AKP'nin İsveç'teki lobiciliği iflas etti

AKP'nin lobiciliği ve ırkçılık Türk Fedarasyonu'na pahalıya mal oldu. 39 senelik kuruluş AKP'nin yan örgütü gibi çalışmasının ardından tüm itibarını kaybetti.

AKP Hükümeti'nin en iyi yakın ilişkide bulunduğu Avrupa Birliği ülkelerinin başında İskandinavya ülkelerinden İsveç geliyor. 2014 yılında yapılan şeçimlere kadar 8 yıl iktidarda kalan hükümetin en büyük partisi Moderat Parti, AKP'nin kardeş partisiydi.
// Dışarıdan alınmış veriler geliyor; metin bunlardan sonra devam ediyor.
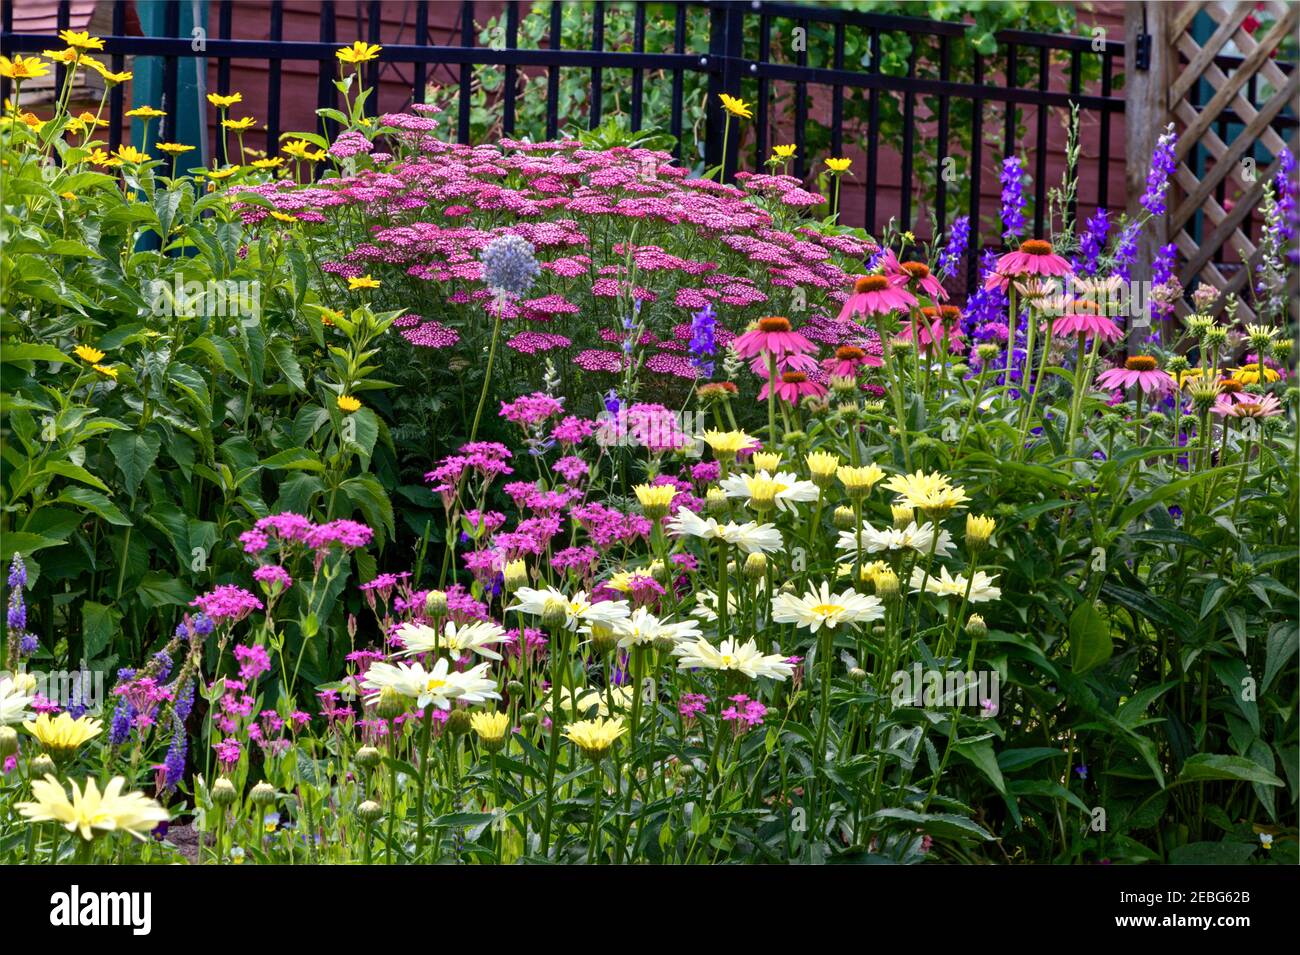 Une combinaison de plantes vivaces et annuelles au milieu de l'été fait une exposition de douche quand en pleine fleur. Banque D'Images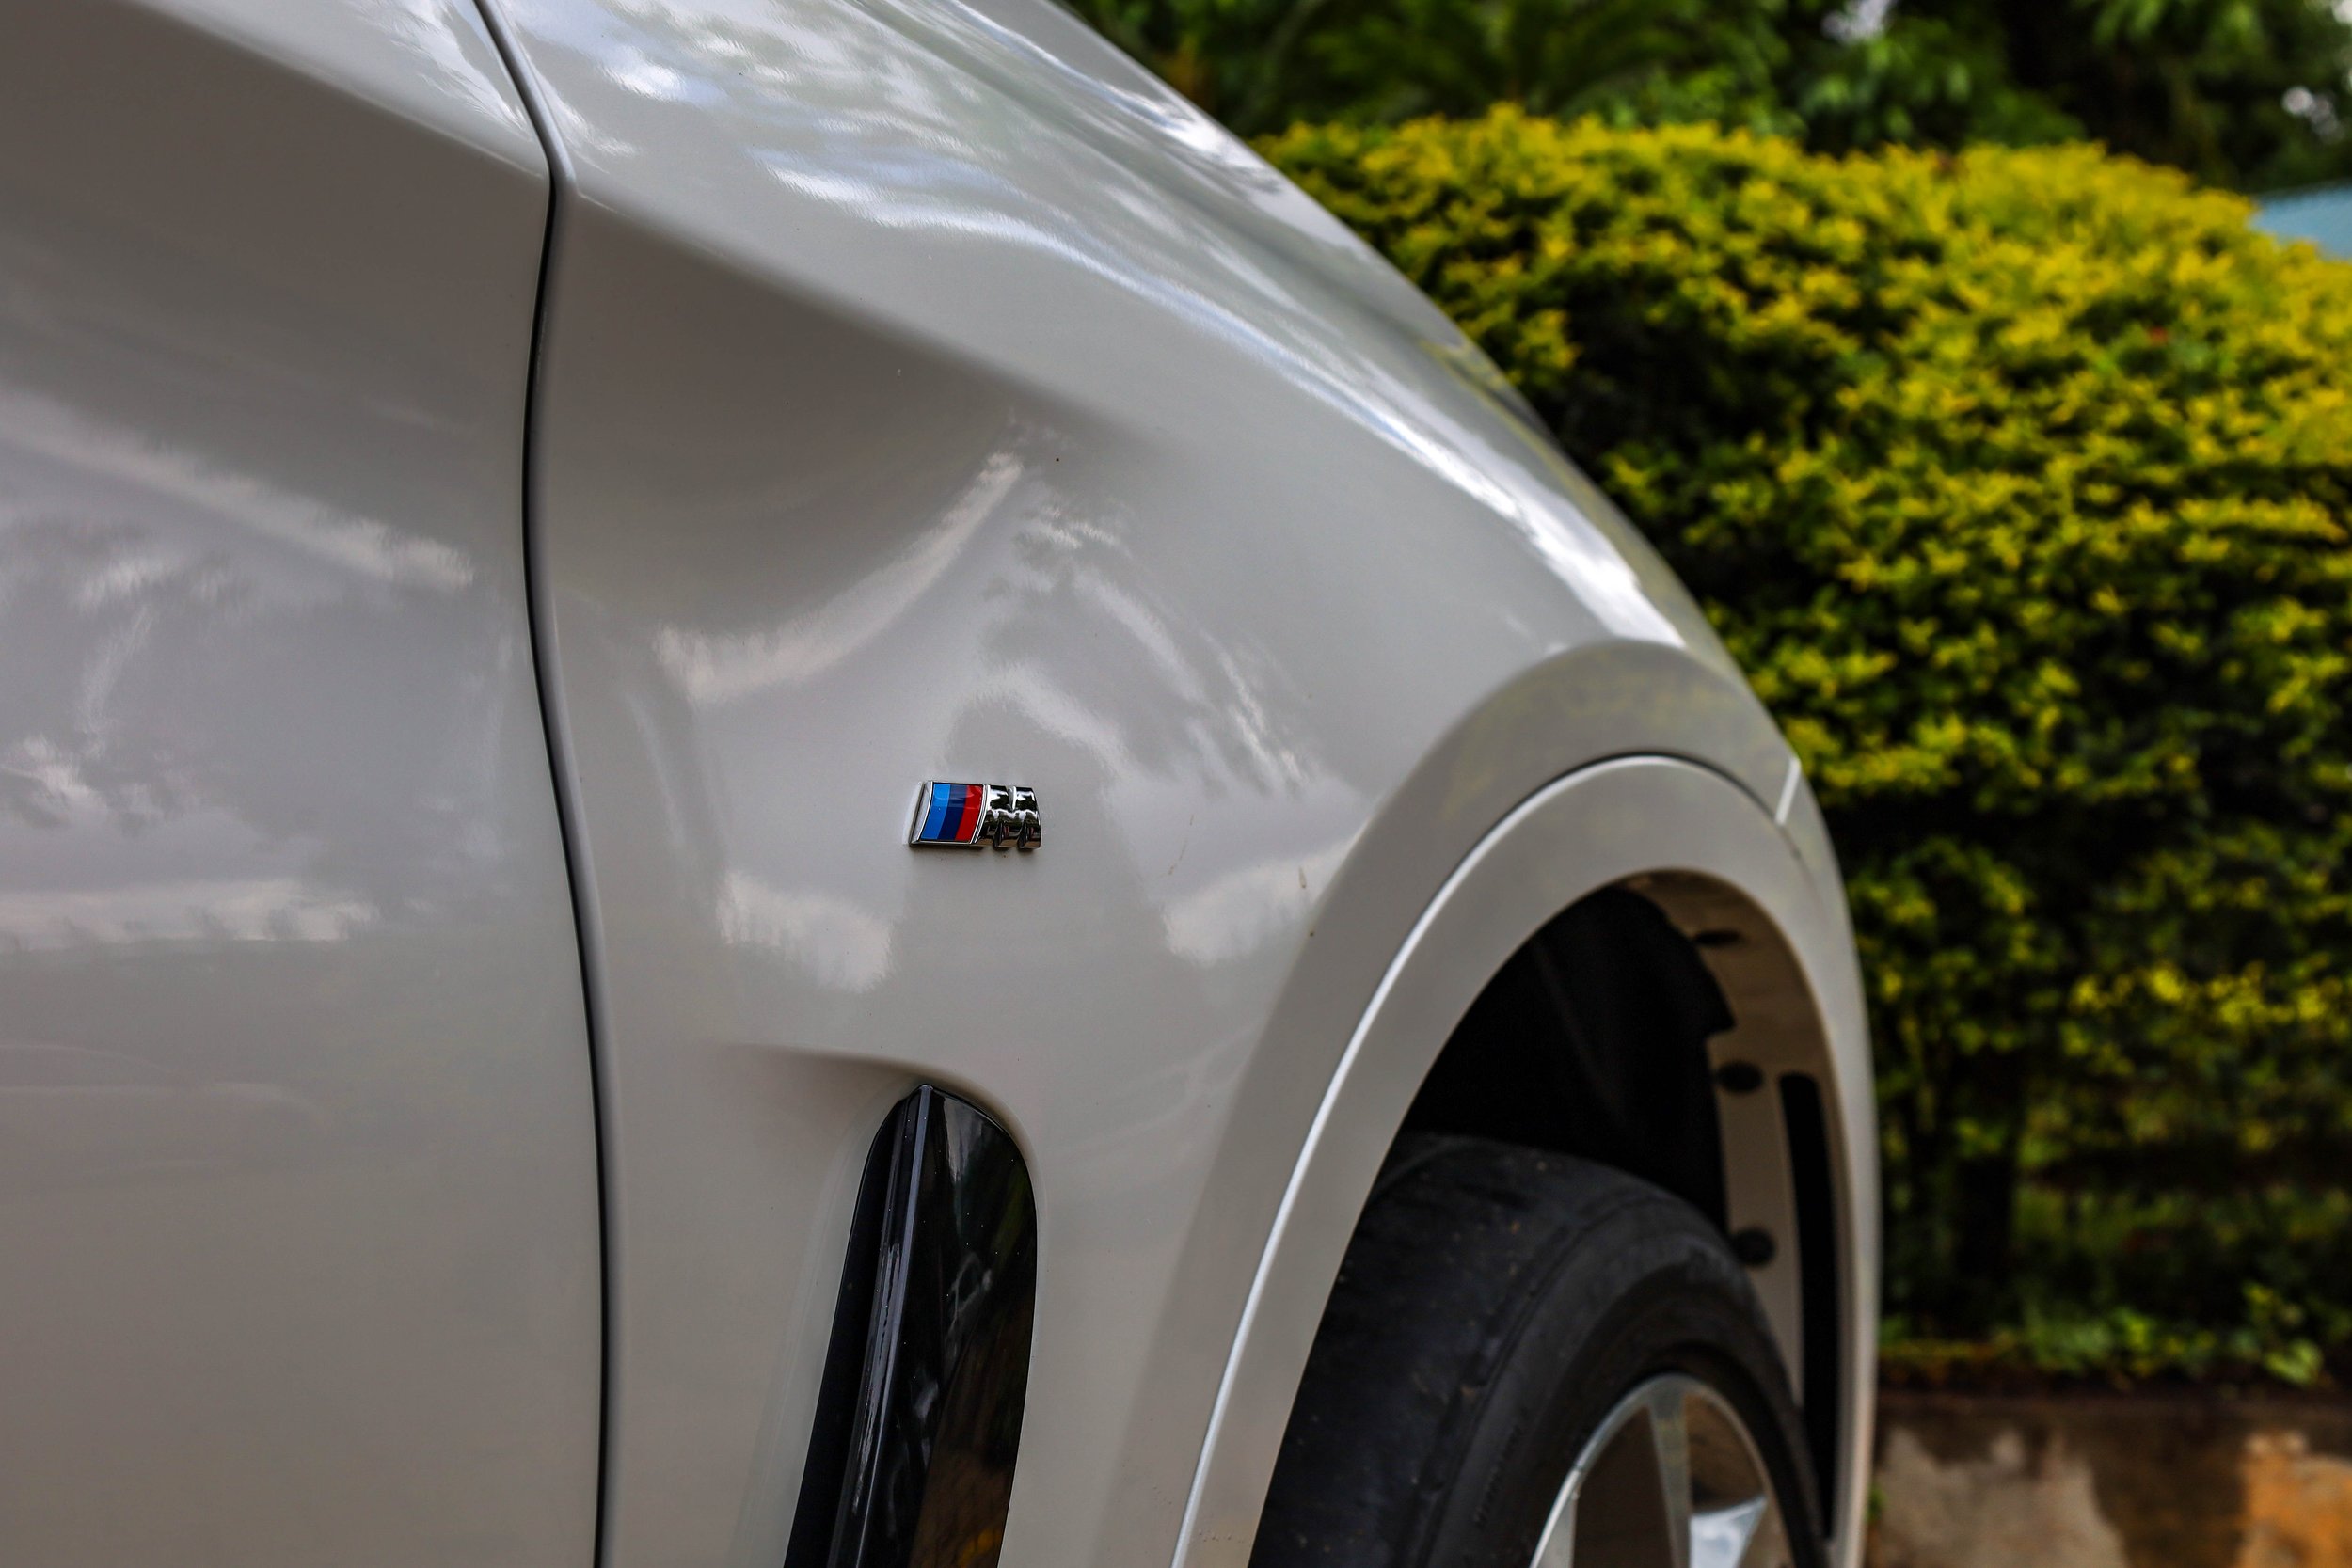 The BMW X6 — MASCARDI

8 yıl hükümetin Dışişleri Bakanlığı görevini yürüten Moderat Partili Carl Bildt, görev yaptığı sürece adeta Türk devletinin bir lobicisi gibi davrandı. Her platformda Erdoğan ve AKP Hükümeti'ni savundu. 80 gazetecinin cezaevinde bulunduğu ve AKP'nin Kürt Halkına soykırım operasyonları düzenlediği dönemde İsveç medyasına ”Erdoğan'ın Türkiye'si doğru yolda” başlıklı AKP Hükümeti'ni öven makaleler yazdı.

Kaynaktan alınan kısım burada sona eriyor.